France info – Camille Grenu
Jean-Rémi Girard, êtes-vous favorable à la fouille des élèves ?
Jean-Rémi Girard
Cette proposition contient des éléments très intéressants, notamment la mise en place automatique de la protection fonctionnelle. Et ça, nous la demandons depuis longtemps pour l’Éducation nationale.
Journaliste
Vous pouvez expliquer rapidement de quoi il s’agit ?
Jean-Rémi Girard
Oui, bien sûr. La protection fonctionnelle, c’est un dispositif de la fonction publique. Les policiers le connaissent bien.
Quand vous êtes victime d’une agression, vous pouvez demander cette protection. Si elle est accordée, il y a deux choses : d’une part, les frais de justice (avocat, etc.) sont pris en charge ; d’autre part, votre employeur s’engage à vous protéger concrètement.
Cela peut vouloir dire : vous n’allez pas en cours, vous restez chez vous, ou encore qu’une protection policière est mise en place autour de l’établissement.
Au SNALC, nous en faisons beaucoup la demande, surtout depuis Samuel Paty. Malheureusement, elle est encore trop souvent refusée.
Concernant la fouille, on est vraiment dans des cas très spécifiques : menace, danger imminent, situation exceptionnelle.

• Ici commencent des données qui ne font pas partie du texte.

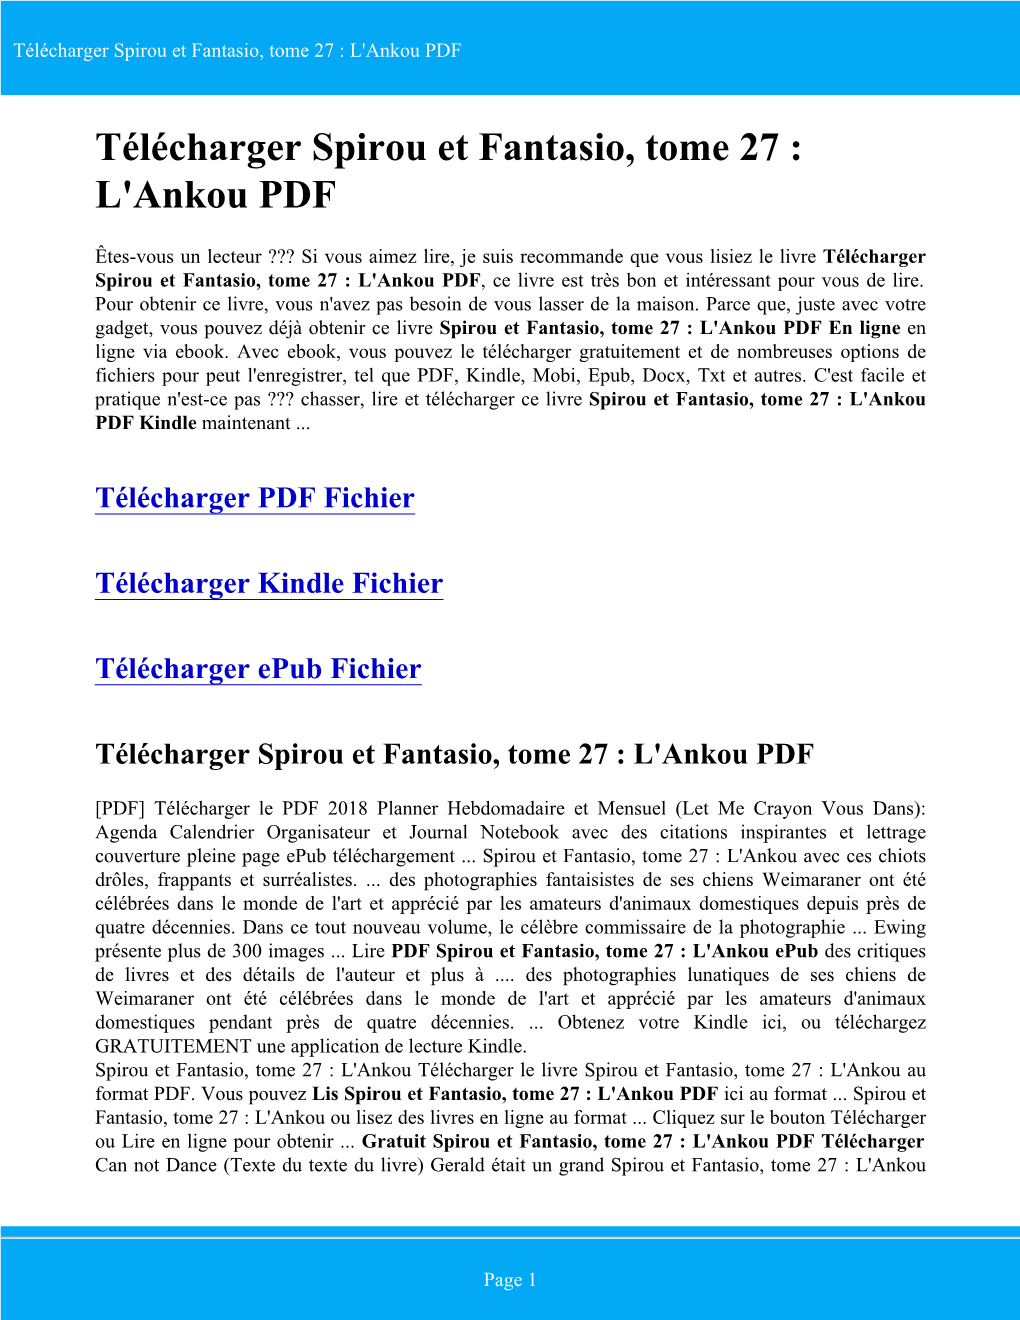 Télécharger Spirou Et Fantasio, Tome 27 : L'ankou PDF

Dans ces cas-là, que le chef d’établissement puisse ouvrir un casier ou regarder dans un sac, ça ne nous semble pas délirant.
Mais il faut s’assurer que ce soit légal, que ce soit constitutionnel.
Et surtout, ce ne doit pas être une obligation. Il ne faut pas que le chef d’établissement soit en tort s’il n’a pas fouillé lui-même.
Il doit garder la possibilité d’appeler la police. Il faut que ce soit à son appréciation.